_Exercise:_ Transcribe the listing exactly; drop the images.

_Dataset extract:_
======

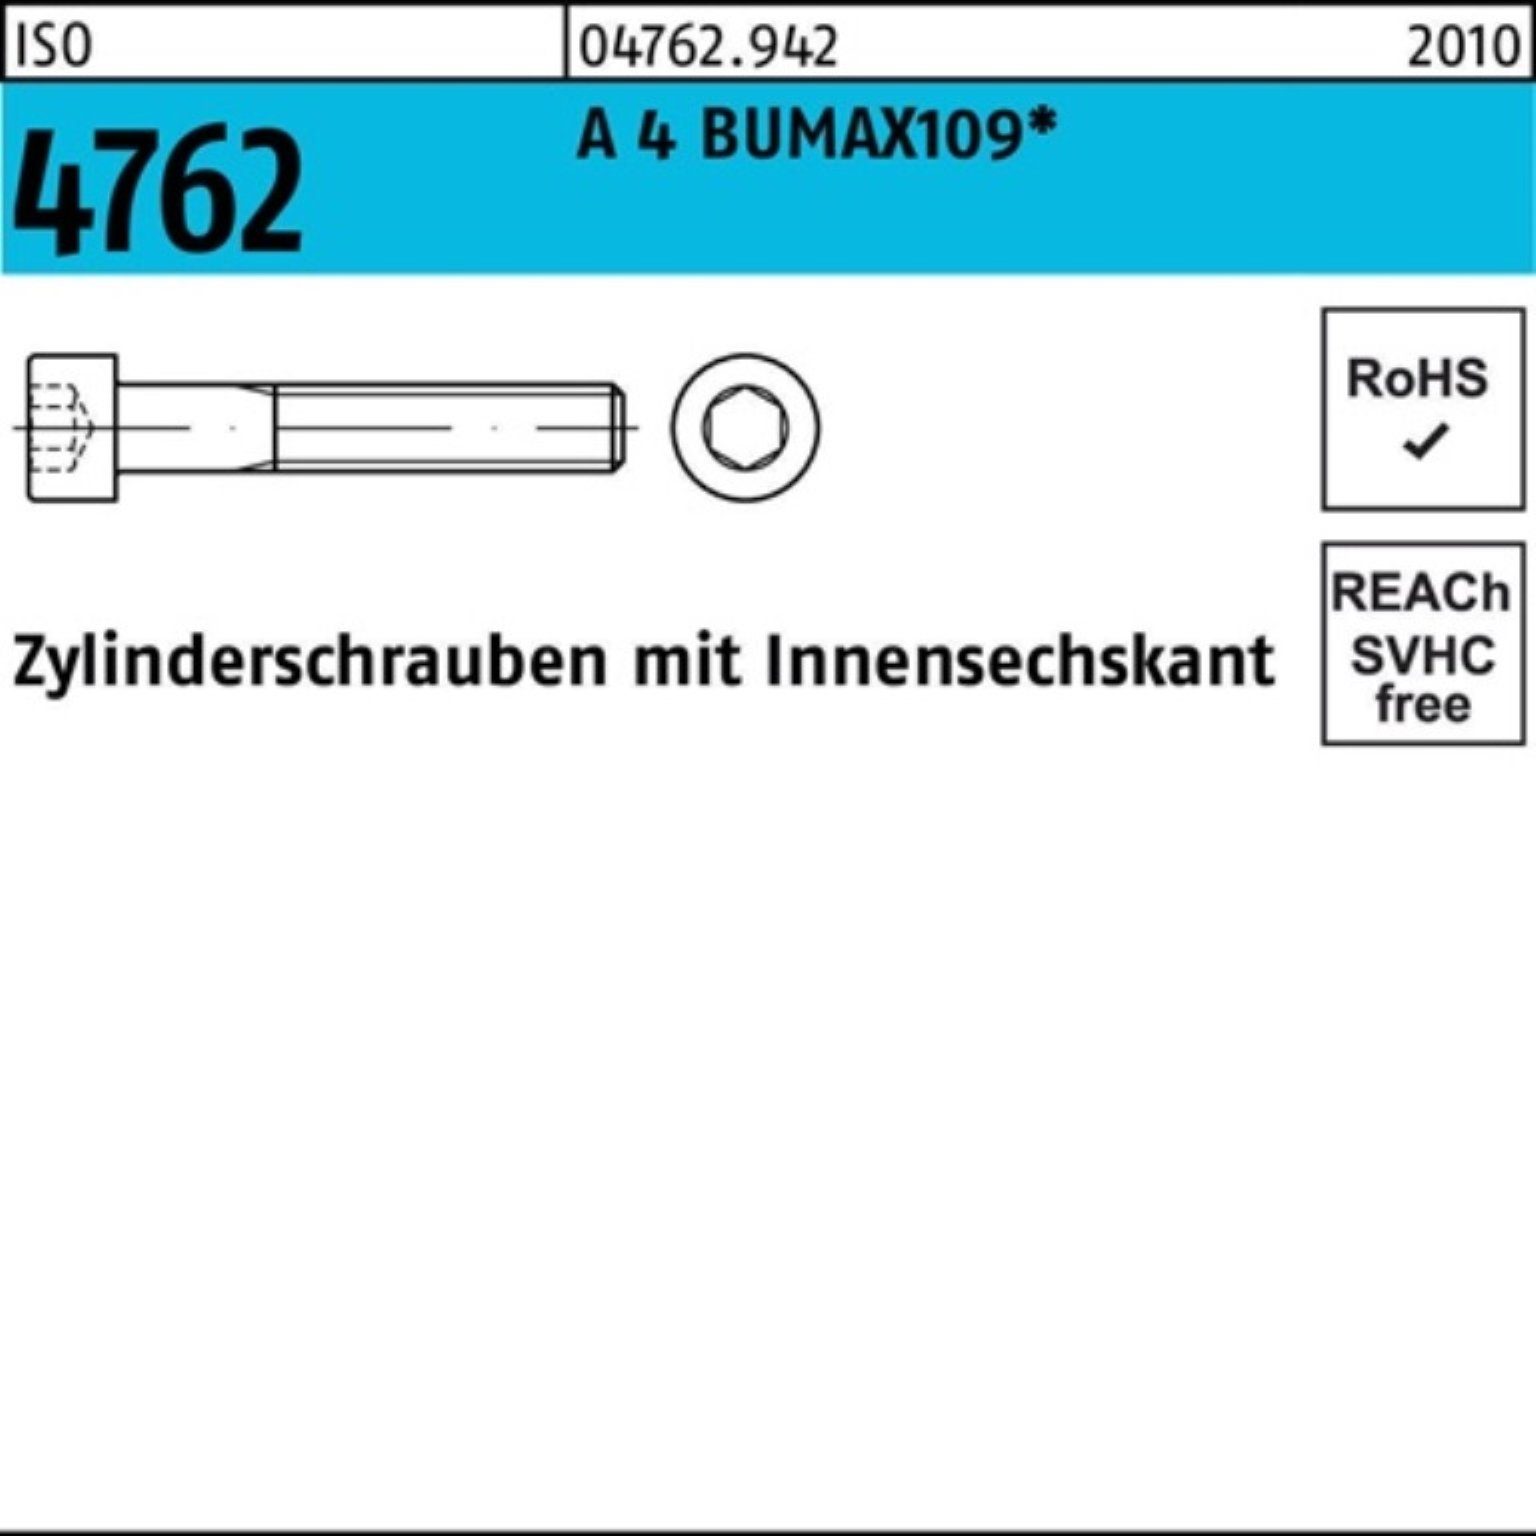 Bufab Zylinderschraube 100er Pack Zylinderschraube ISO 4762 Innen-6kt M12x 60 A 4 BUMAX109 25
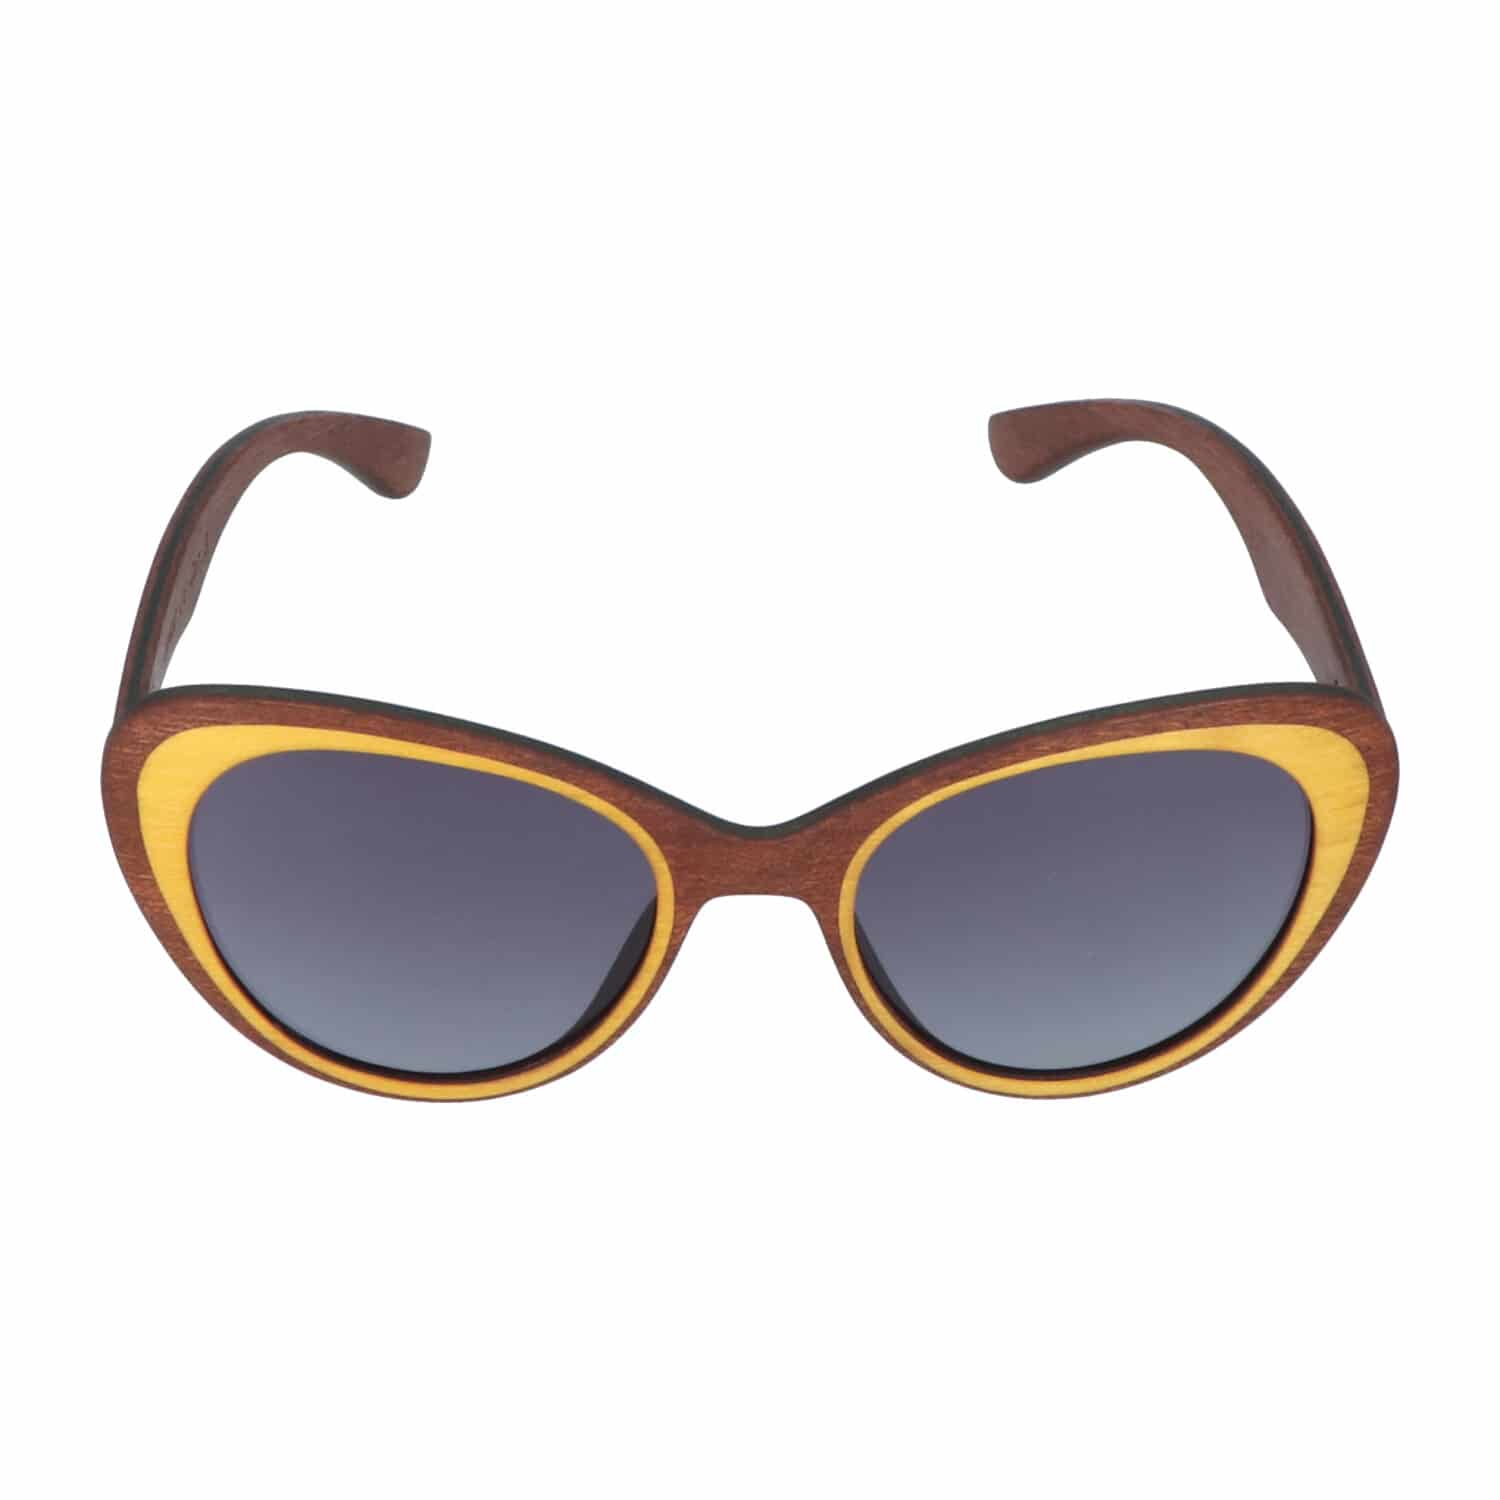 5one® Napoli - Houten Cateye dames zonnebril - grijze lens
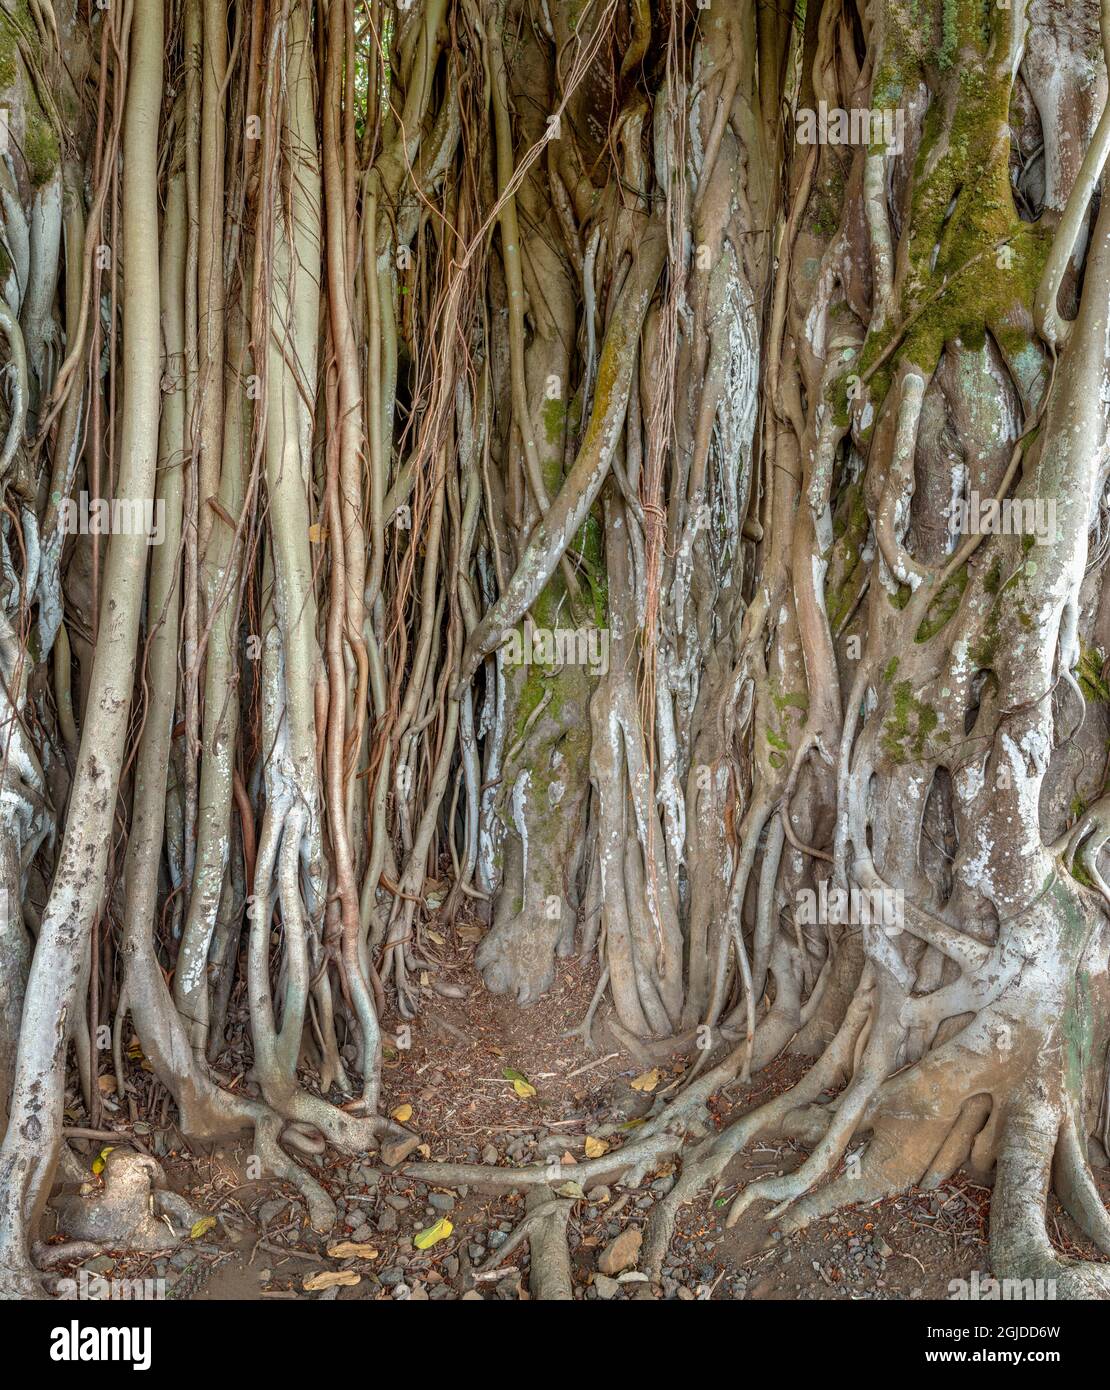 USA, Hawaii, Big Island of Hawaii. Hilo, Kalakaua Park, Banyan albero con più tronchi. Foto Stock

======

_Response for this exercise:_
 Bufab Zylinderschraube 100er Pack Zylinderschraube ISO 4762 Innen-6kt M12x 60 A 4 BUMAX109 25
 5one® Napoli - Houten Cateye dames zonnebril - grijze lens
 USA, Hawaii, Big Island of Hawaii. Hilo, Kalakaua Park, Banyan albero con più tronchi. Foto Stock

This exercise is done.